La forêt humaine de Fernand Lattion

A 73 ans, Fernand Lattion ( deux tt et non pas th, attention !) a entré dans son ordinateur plus de 61’000 personnes du district d’Entremont, principalement de Liddes d’où il est originaire, mais aussi de Bovernier, de Fully et même du Val d’Illiez, vallée où se sont exportées quelques branches de son propre arbre familial. Enbrigadé dans cette passion qu’avait déjà sa maman, le retraité passe toujours plusieurs heures par jour à l’affût de nouveaux noms à accrocher à ses multiples branches. 

Avenant, drôle et souriant, Fernand Lattion est surtout « super », comme le résume concisement mais parfaitement sa femme Michelle. Cet adjectif familier supplante toutes les descriptions fastidieuses : Fernand est un chic type, si vous préférez.
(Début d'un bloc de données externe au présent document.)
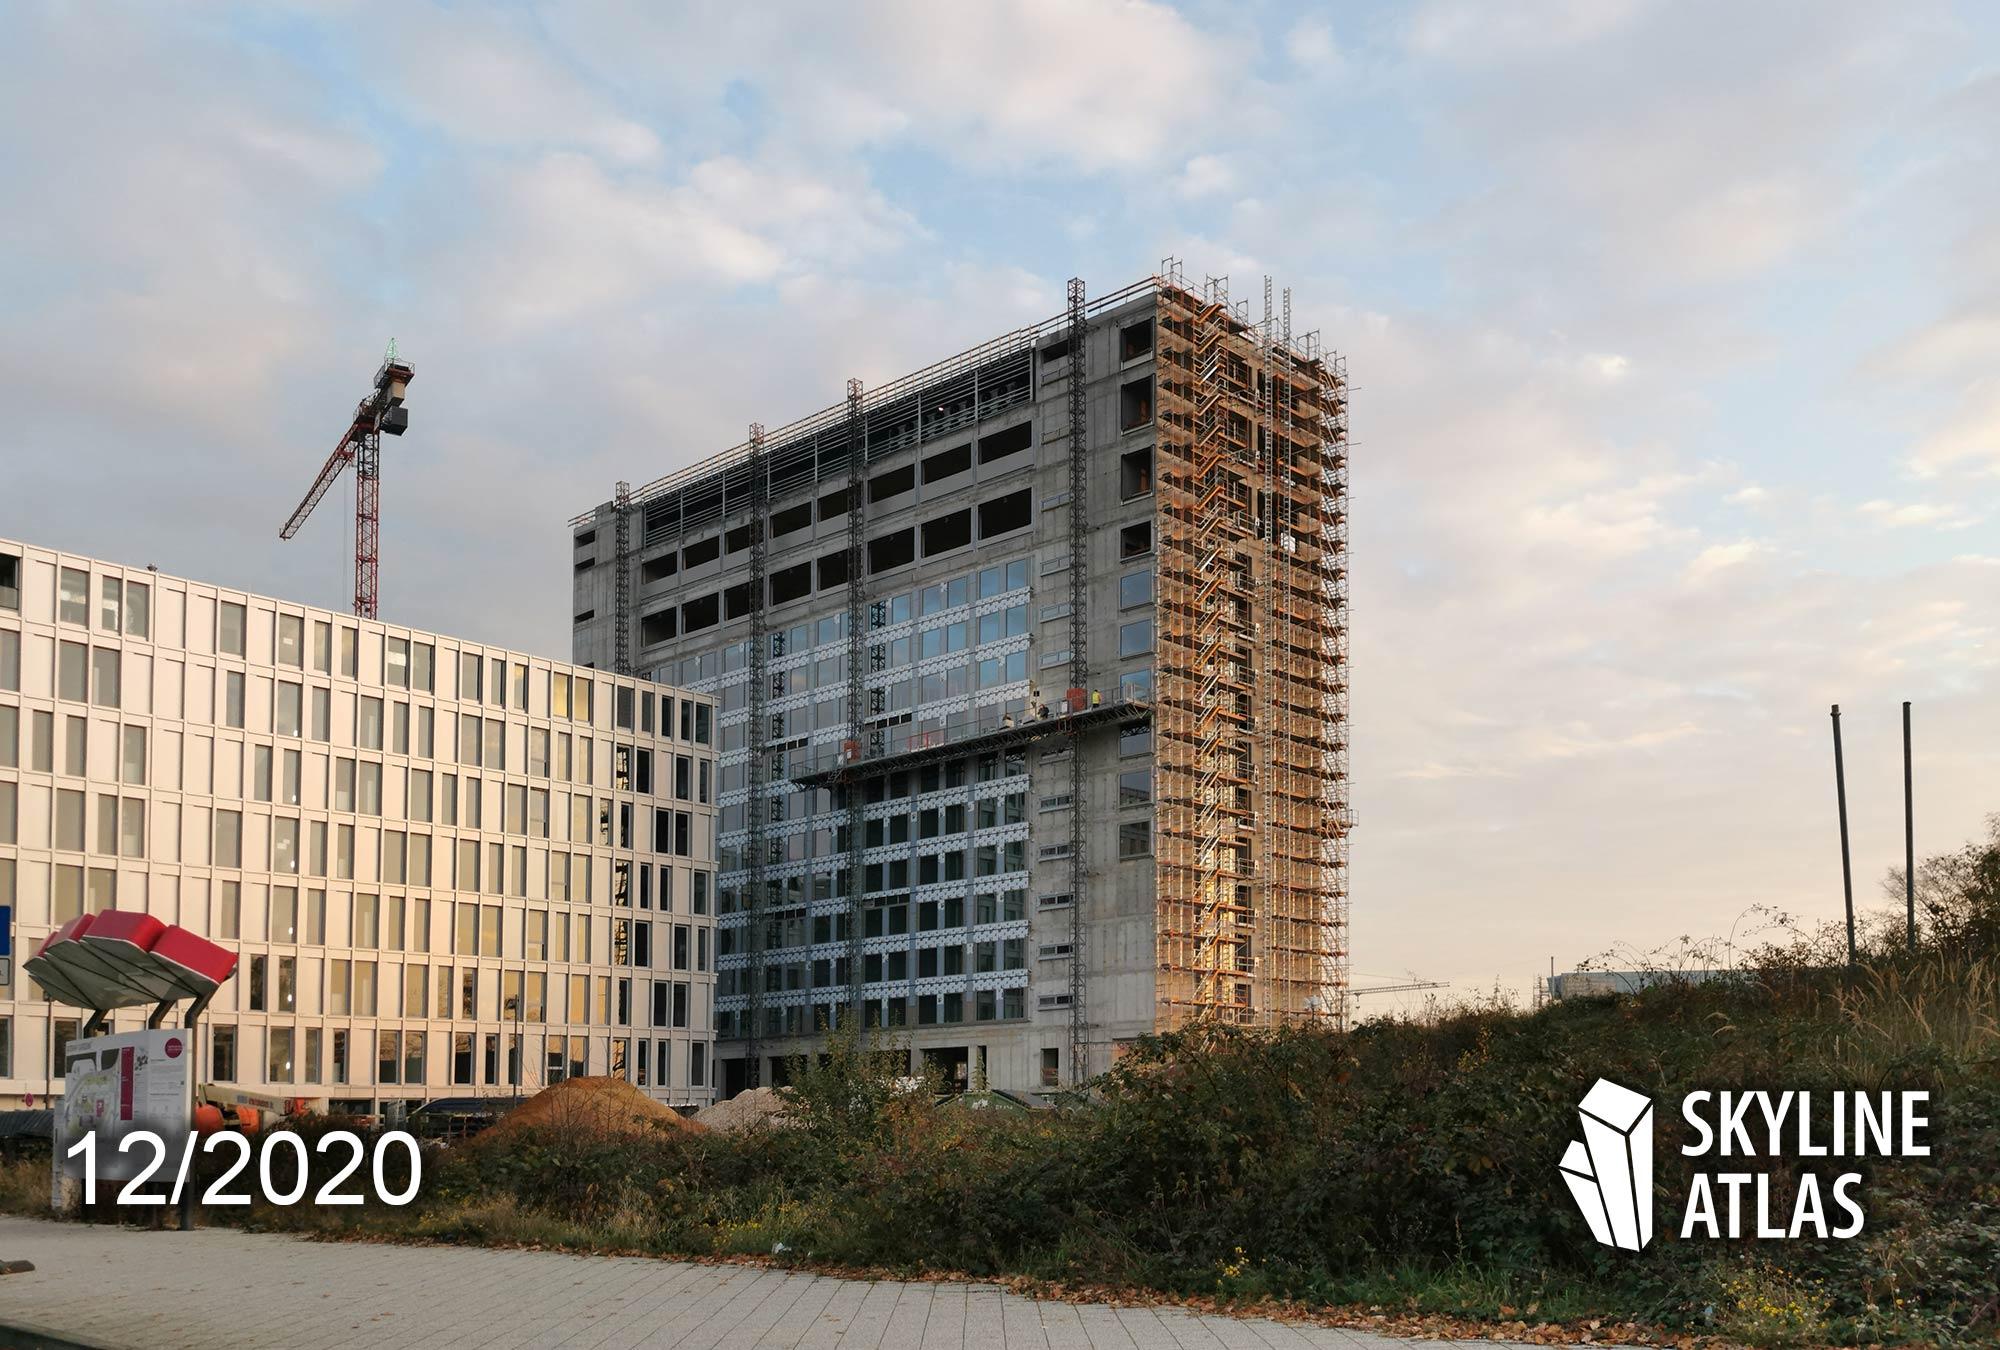 b'mine Hotel - Frankfurt Hotel Flughafen - Airport Hotel Frankfurt - Baustelle Dezember 2020

A des kilomètres d’être traité de pénible, il ronchonne peu, rechigne jamais à la tâche qu’il abat plusieurs heures par jour et fait peu de bruit, mis à part quand il chante : «  Heureusement que les voisins le connaissent bien et qu’ils l’apprécient ! sinon ils auraient de la peine à supporter ! » sourit sa femme, qui a l’habitude de l’entendre s’époumoner : une activité qui lui a toujours plu et qui lui a d’ailleurs valu le surnom de «  le noir ». Non pas la couleur politique ni même le nom de famille français, mais bien le titre du tube de Johnny  « noir c’est noir » qu’il chantait à tue-tête « lorsqu’il était plus jeune » : « Certains ne savent même pas que je m’appelle Fernand Lattion. » Lattion, de la noble lignée des deux tt de Liddes évincé par un surnom, vous rendez-vous compte ?

61 329 noms informatisés 

Occupé, Fernand l’a toujours été et l’est resté même à la retraite. De l’époque où il travaillait encore, il a gardé sa maîtrise du bois :  en tant qu’ancien menuisier, il a aménagé son atelier au sous-sol de la maison familiale à Fontaine-Dessus : « Nous avons suivi les origines de madame » précise-t-il avec un clin d’œil, comme pour s’excuser d’avoir abandonné Liddes. Entouré de ses outils, il s’y enferme plusieurs heures par jour pour s’adonner à la sculpture tout en fredonnant : « Quand je l’entends chanter, je sais qu’il y est. » Mais auparavant, Fernand aura déjà allumé son ordinateur, ouvert le logiciel Heredis qui lui a facilité la vie au passage de la numérisation de ses écrits, inséré les nouveaux noms du jour (dénichés sur le Nouvelliste principalement, les registres paroissiaux et les archives ayant déjà été épluchées ), collecté les dates minutieusement : « J’en ai 61329. J’ai commencé vers l’âge de 40 ans. » Car si la passion l’a pris très fortement, elle ne s’est toutefois pas manifestée d’emblée…

De générations en générations 

« Ma maman savait tout par cœur. Lorsqu’elle entendait un nom, elle savait tout dire : la date de naissance, le jour de la semaine, la météo, les événements du moment, de même pour les parents, les grands-parents. » Erigé en véritable sport national au sein de la  famille Lattion, la généalogie fait parfois perdre un peu son souffle au jeune Fernand : « C’était sans arrêt. Je m’emmêlais les pinceaux, je ne savais plus qui était qui… avec qui nous avions ou non de la parenté… parfois, cela me bassinait un peu… », avoue Fernand dont le déclic se déclenchera lors d’un concours de circonstances : « Ma maman étant tombée malade, nous nous sommes amusés ensemble à créer un arbre à partir d’une personne de la famille. » La passion ayant ainsi planté sa graine, celle-ci germera gentiment et prendra son véritable essor après le décès de la matriarche : « De son vivant, je ronchonnais. Après son décès, il y a bien des fois où j’aurais bien aimé pouvoir puiser dans son encyclopédie mentale ! Elle m’aurait bien aidé ! » sourit Fernand, qui aujourd’hui peut compter sur sa fille pour reprendre le flambeau. « Elle m’aide à insérer les noms et à gérer le logiciel. » Les Lattion, Darbellay et autres patronymes autochtones n’ont pas fini de venir garnir les branches des multiples arbres qui forment la forêt humaine de Fernand.